---------- Raw data

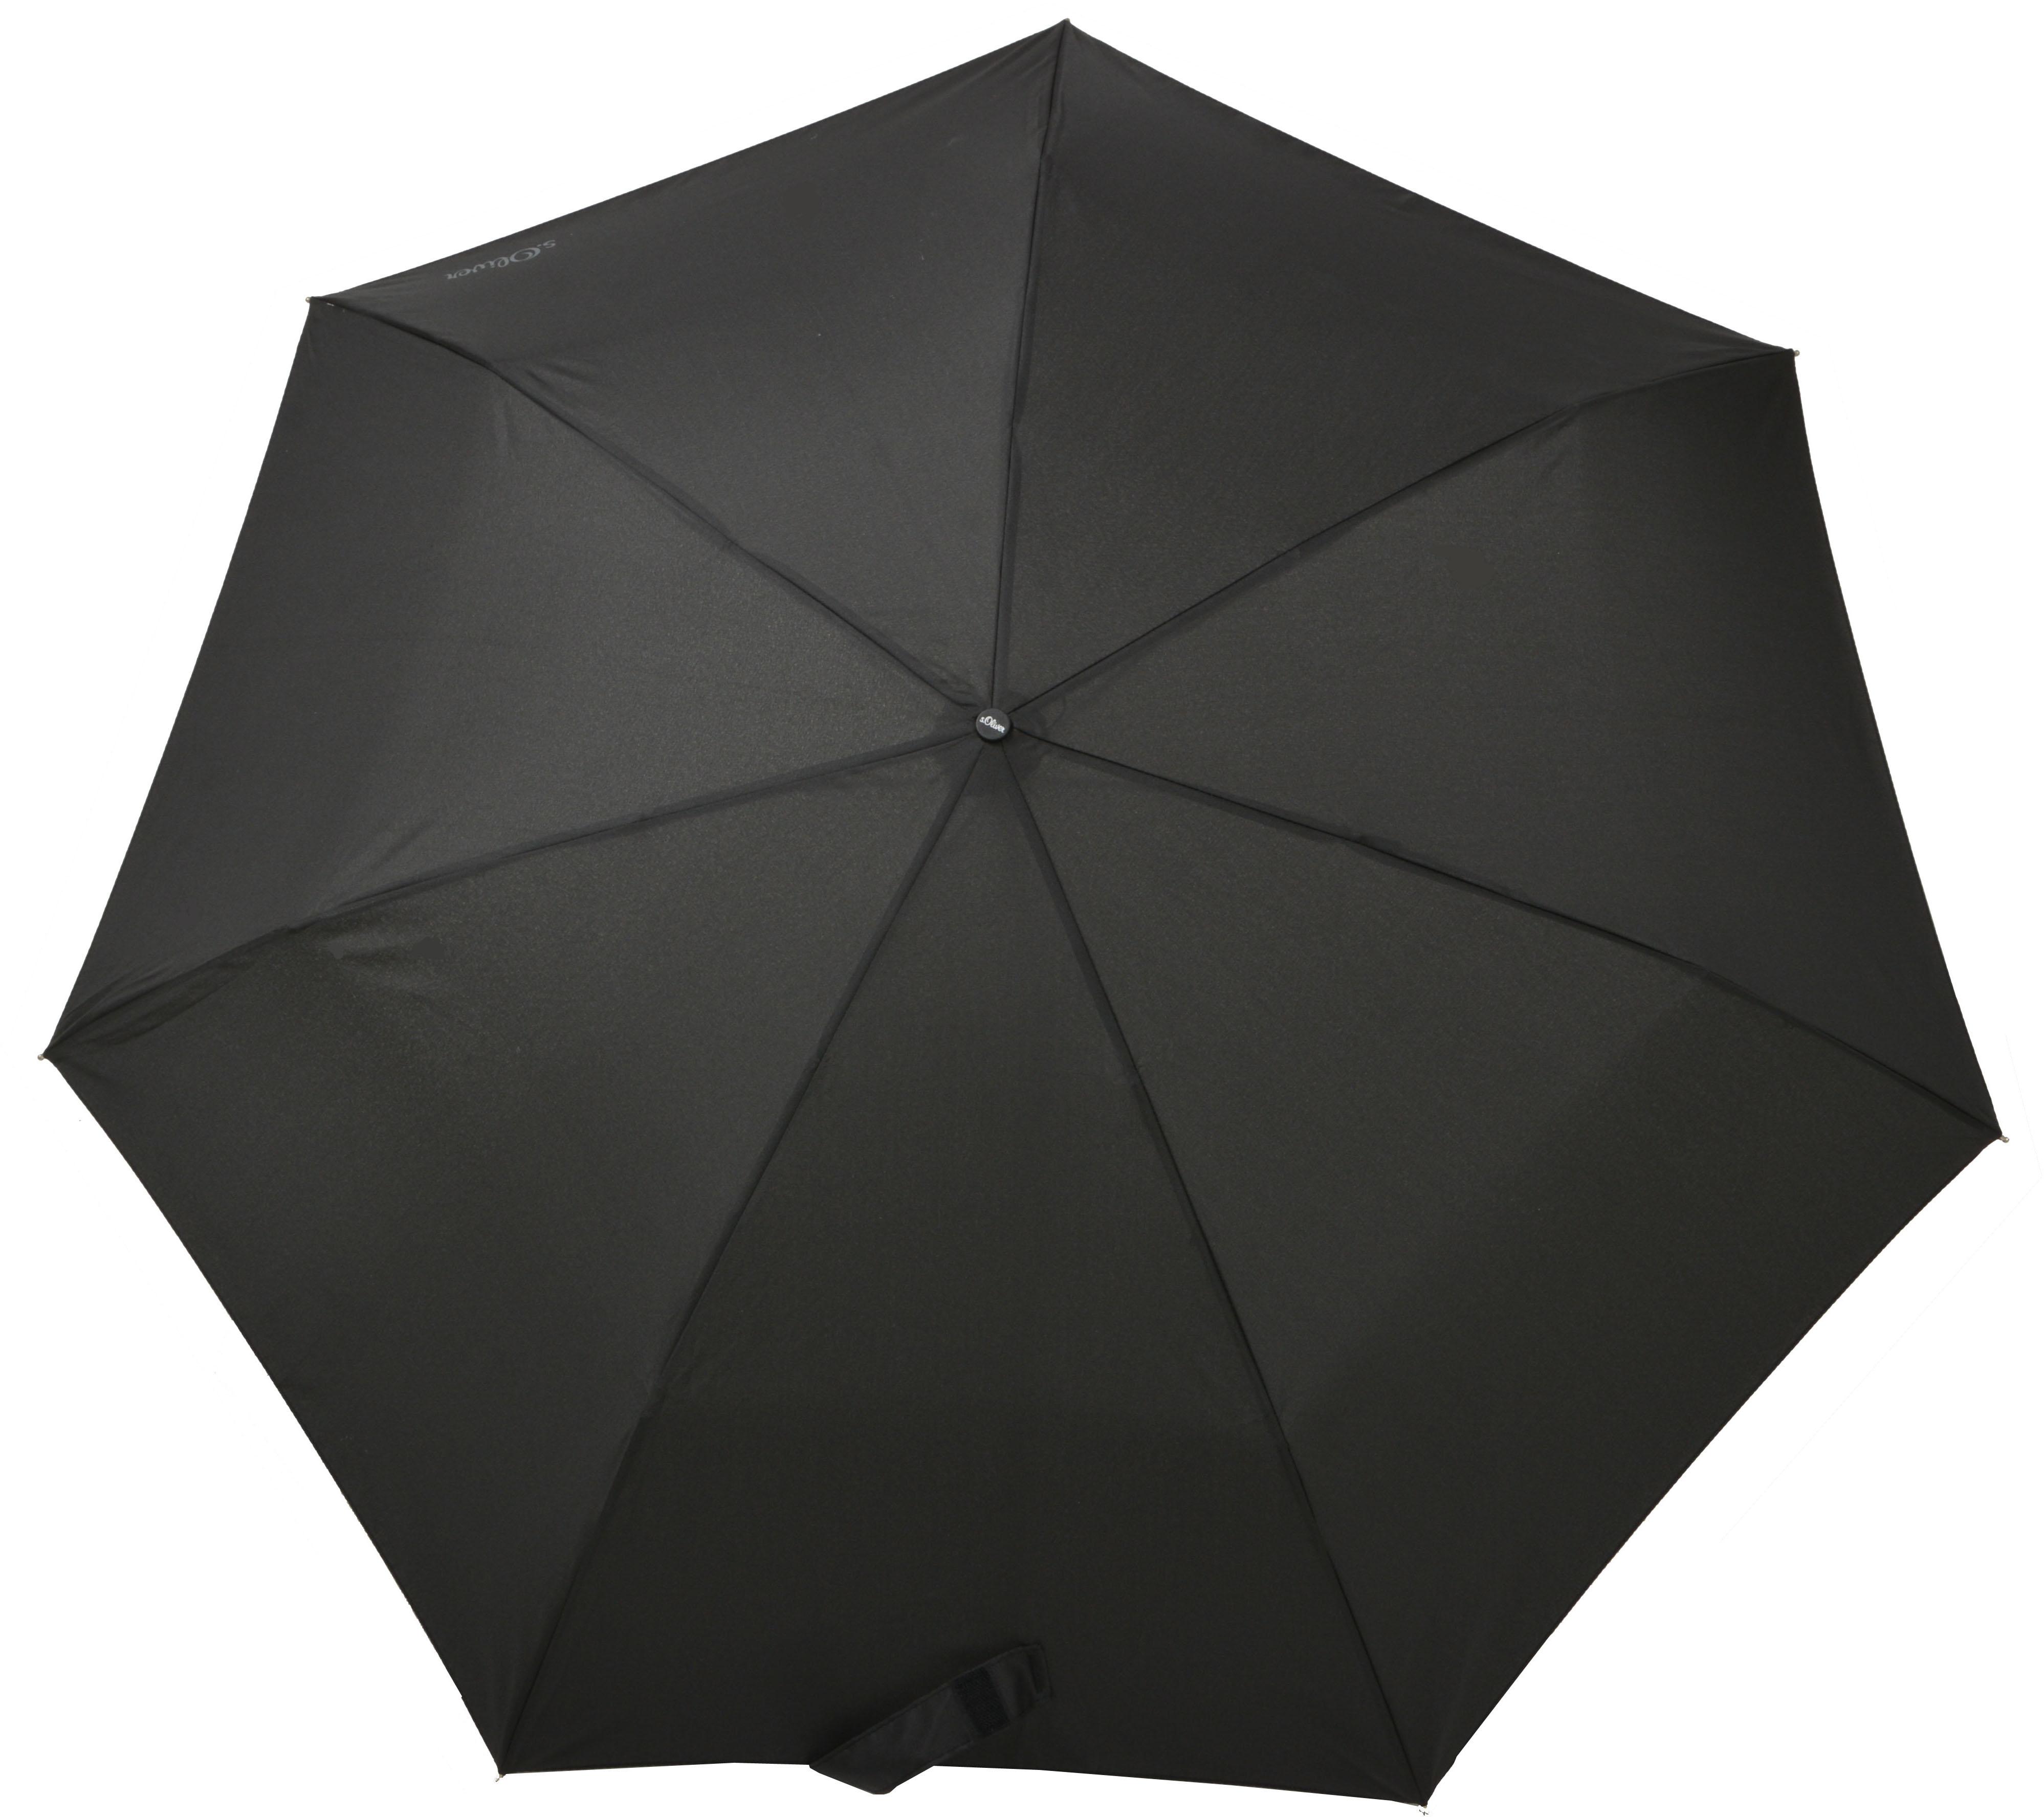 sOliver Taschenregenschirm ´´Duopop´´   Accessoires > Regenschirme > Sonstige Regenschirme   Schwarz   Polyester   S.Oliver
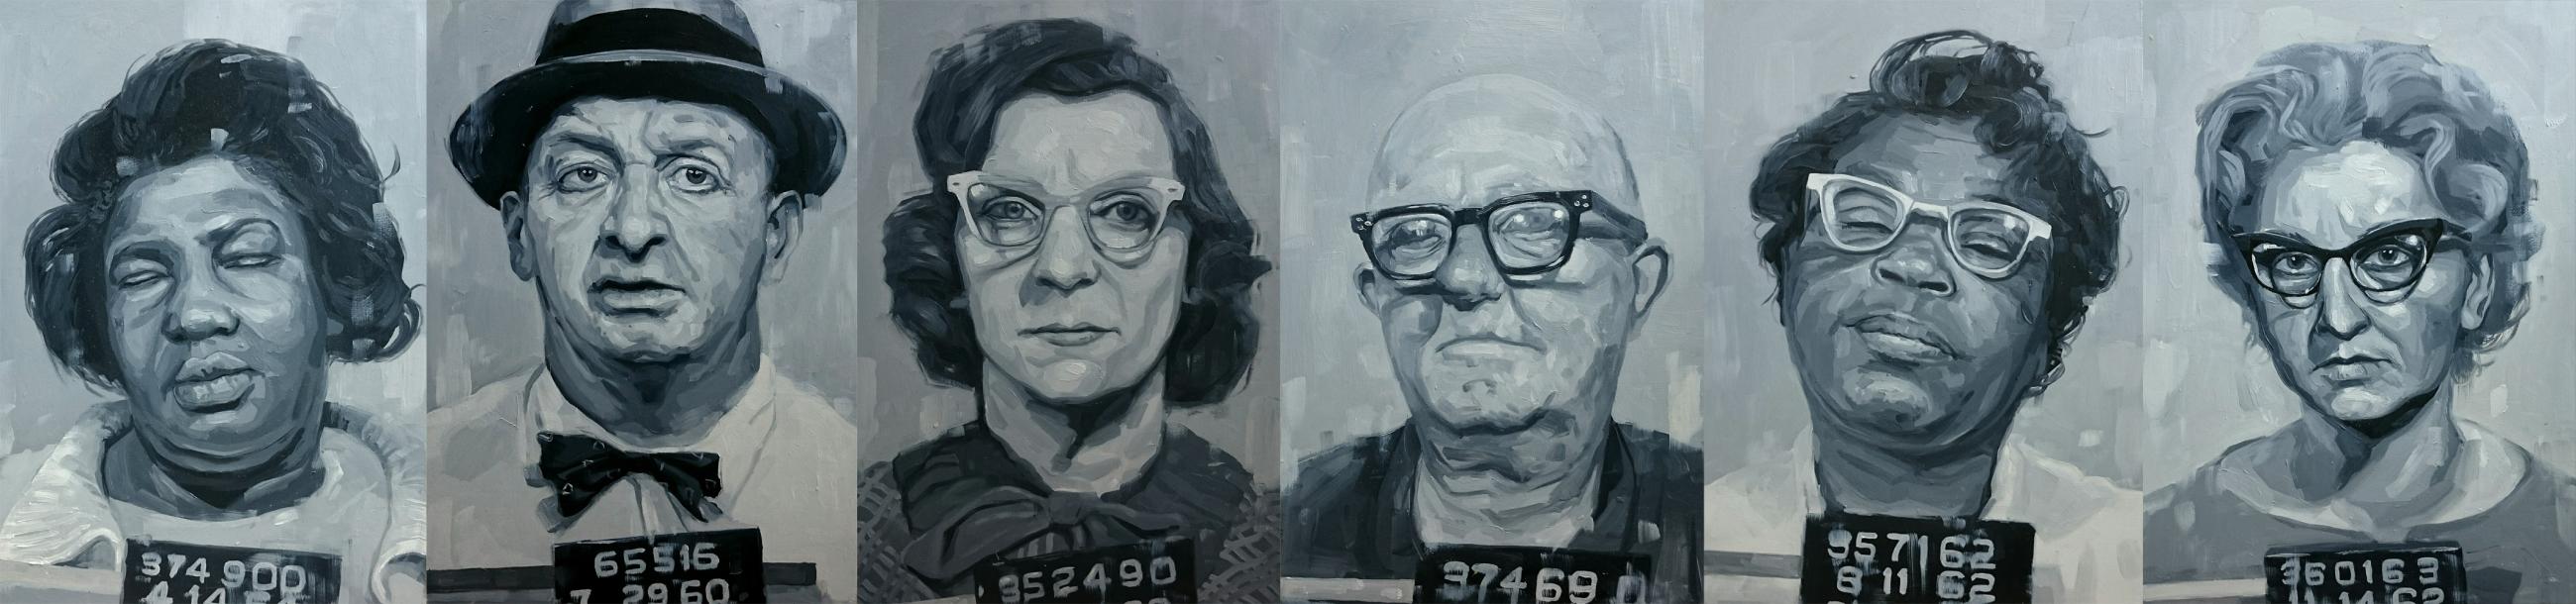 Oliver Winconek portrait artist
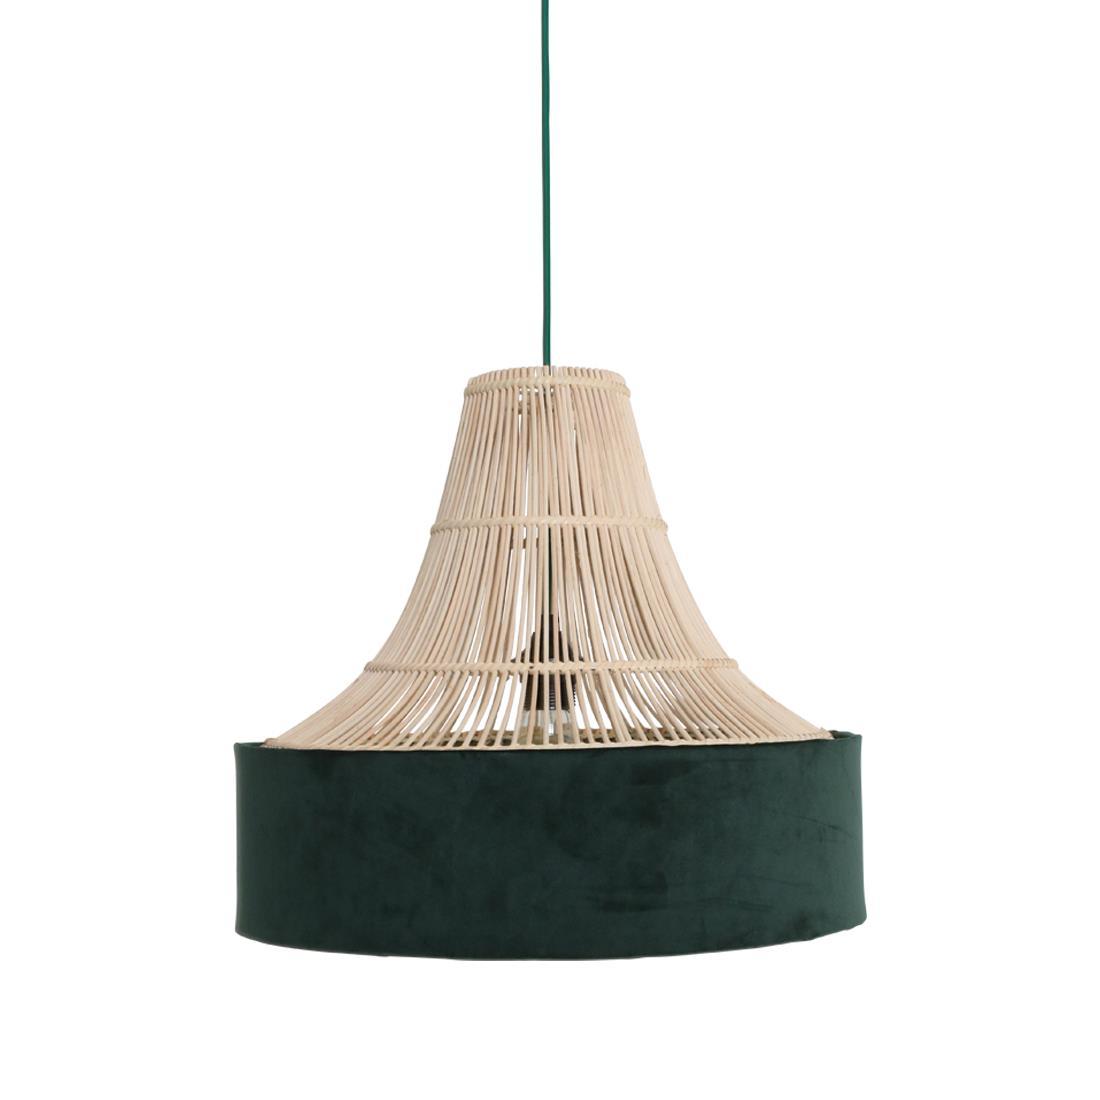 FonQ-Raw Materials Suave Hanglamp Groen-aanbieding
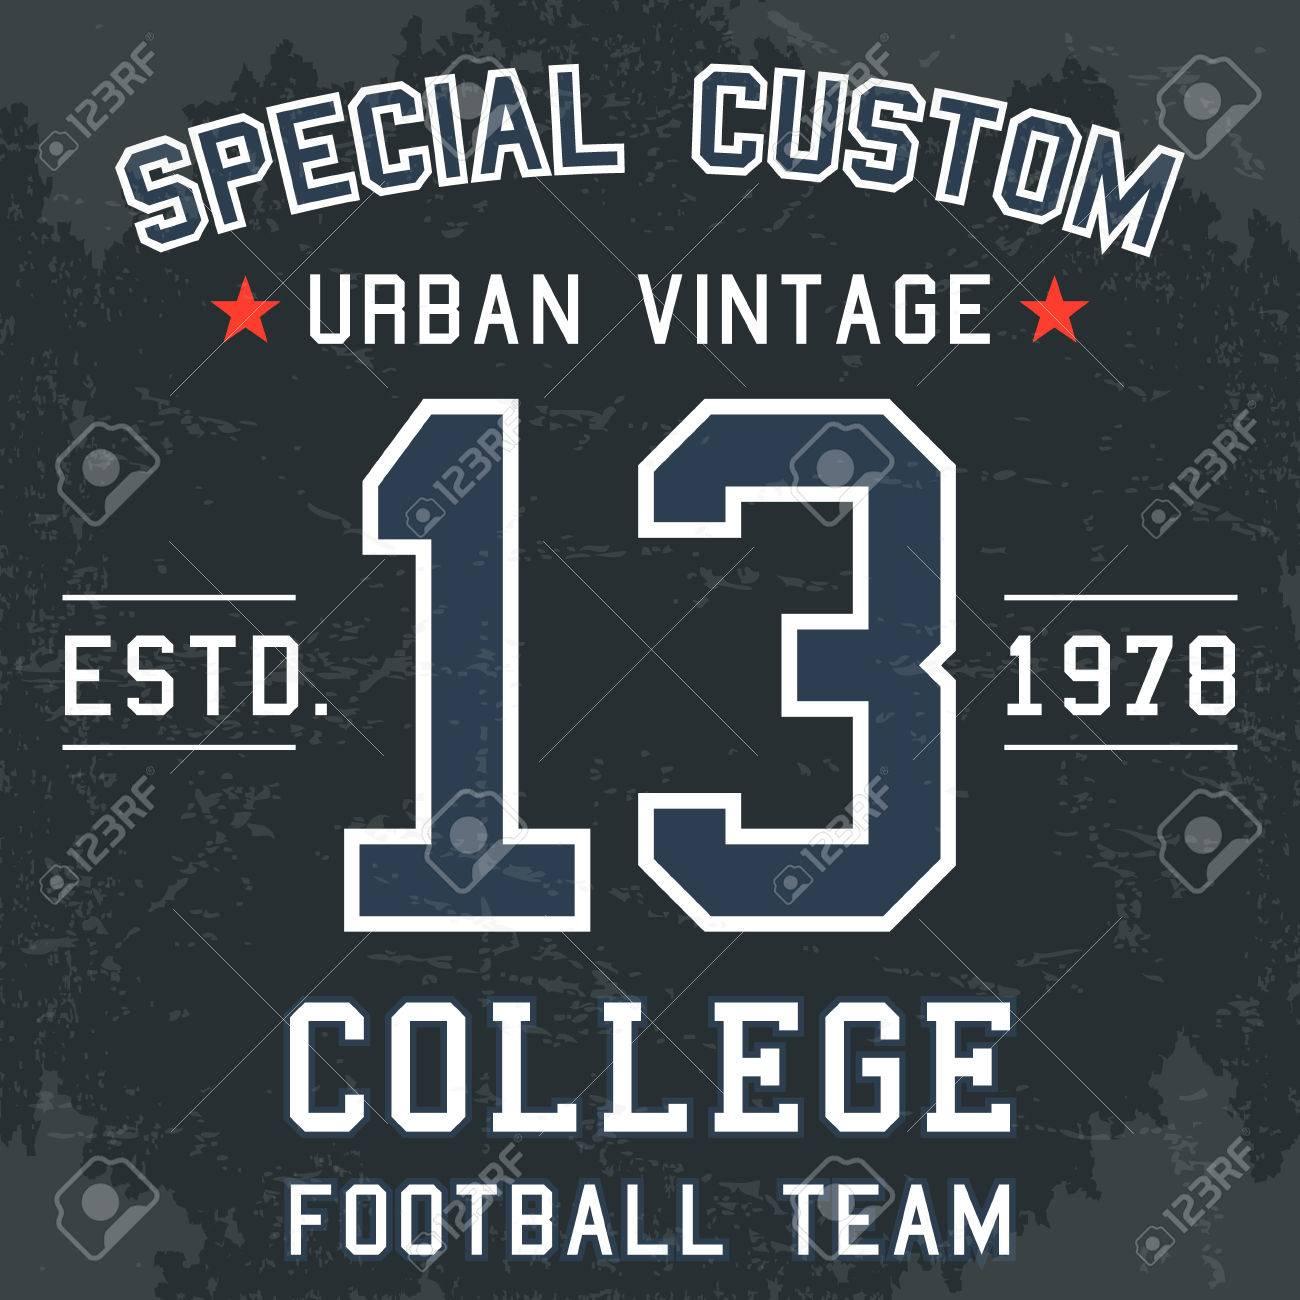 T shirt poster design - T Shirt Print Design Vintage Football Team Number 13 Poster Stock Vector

--------------------

Except for the pictures, write the data out exactly.

(Answer section)
 sOliver Taschenregenschirm ´´Duopop´´   Accessoires > Regenschirme > Sonstige Regenschirme   Schwarz   Polyester   S.Oliver
 Oliver Winconek portrait artist
 FonQ-Raw Materials Suave Hanglamp Groen-aanbieding
 T shirt poster design - T Shirt Print Design Vintage Football Team Number 13 Poster Stock Vector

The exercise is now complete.